Leather and Lace is a jaw dropping time capsule.  I love this kind of dated fusion of rock n’ roll and T & A.  I admire the purity of the concept as it’s nothing but music and nudity.  There’s no attempt to make sense out of any of it.  It just happens.  We probably didn’t need the scenes with all the swinging dicks (sometimes quite literally), but I guess you’ve got to have something in there for the ladies too.

I don’t know much about Black Magic and the Pussycats, but they have one-upped the band The Ladybirds from The Wild Wild World of Jayne Mansfield.  Whereas The Ladybirds played topless, these girls rock out totally in the buff.  Now, it’s debatable if the Pussycats actually play their instruments, but when they look this hot, who cares? 

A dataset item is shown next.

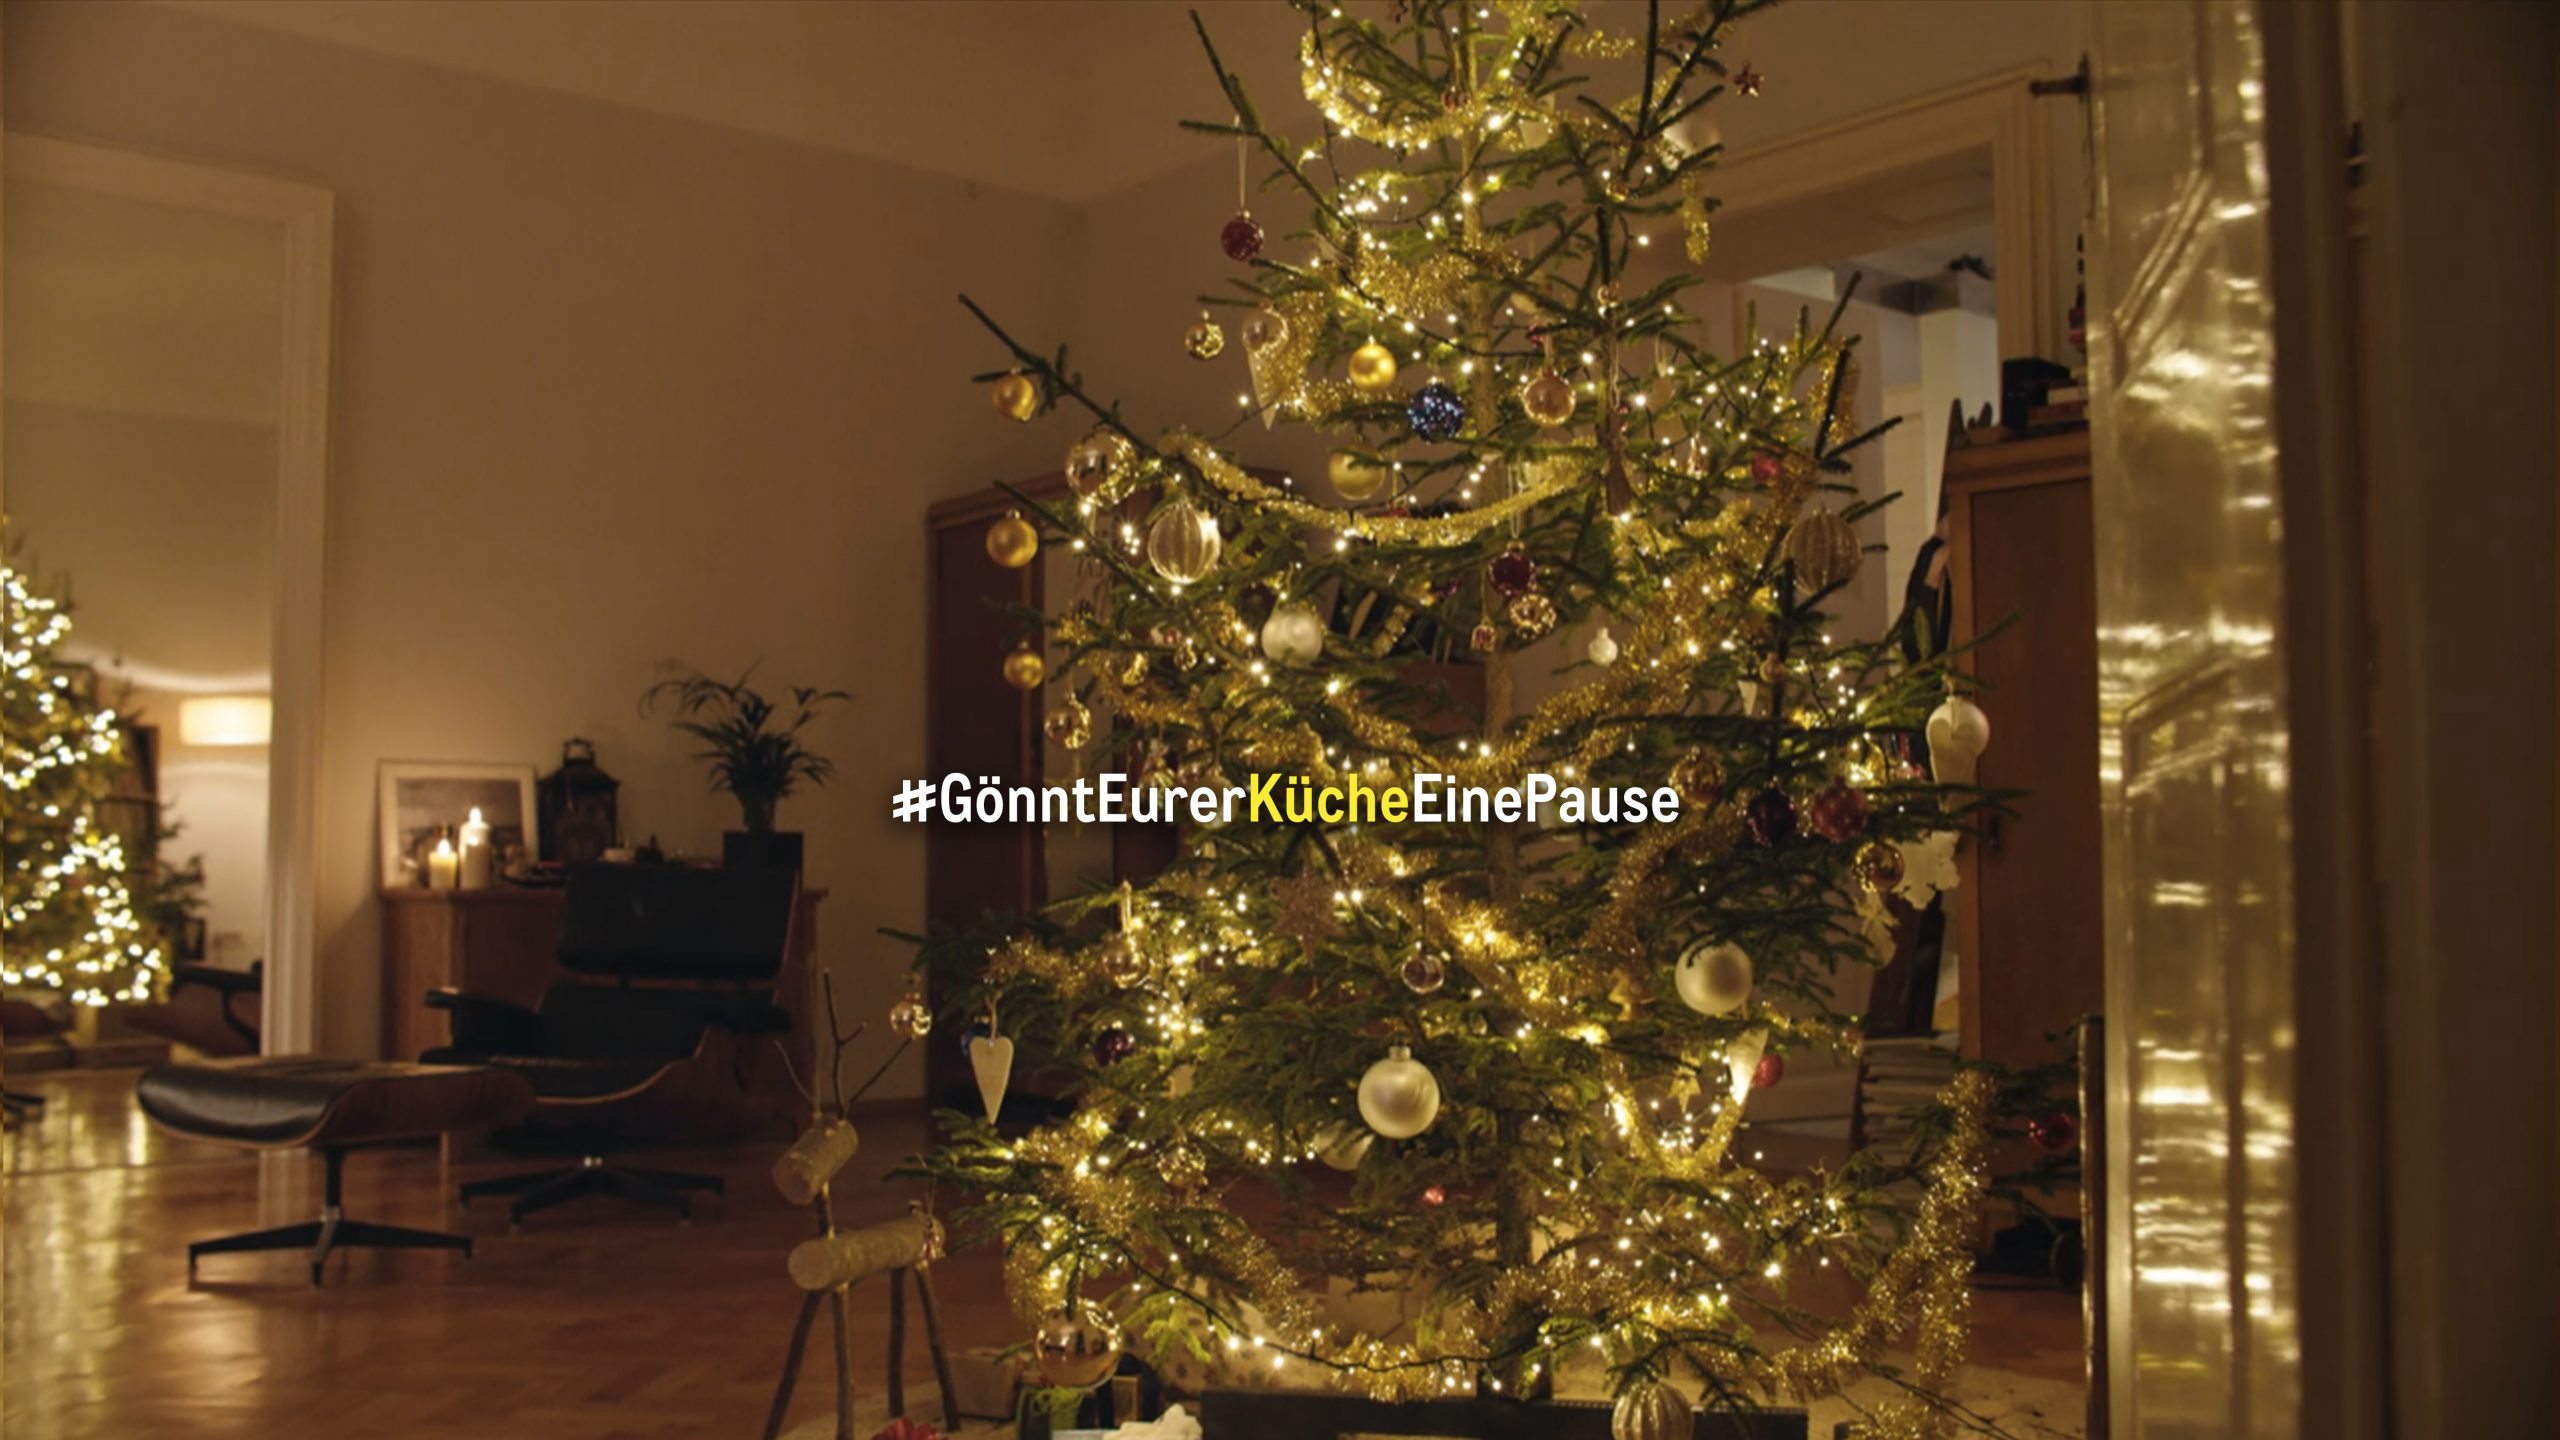 Kampagne #GönntEurerKücheEinePause plädiert für Gastronomie-Unterstützung: METRO Deutschland bittet alle darum, das Weihnachtsessen diesmal nicht selbst zu kochen, sondern zu bestellen

I caught this oddity on The Roku Channel, The B-Zone.  The movie (if you want to call it that) doesn’t have an IMDb page.  There’s very little information about it on the internet (aside from a few short clips that are on a porn site that will probably give me a hundred viruses if I click on it).  In fact, The B-Zone may be the only place you can see it in its entirety.  If you aren’t already in the know, The B-Zone is the greatest streaming channel around.  It plays tons of vintage ‘80s erotica like this.  From Playboy Channel specials to celebrity workout videos, it’s got a bevy of wonderful oddities.  If you like old-timey smut like me, you should add it to your Roku player and see what you’re missing.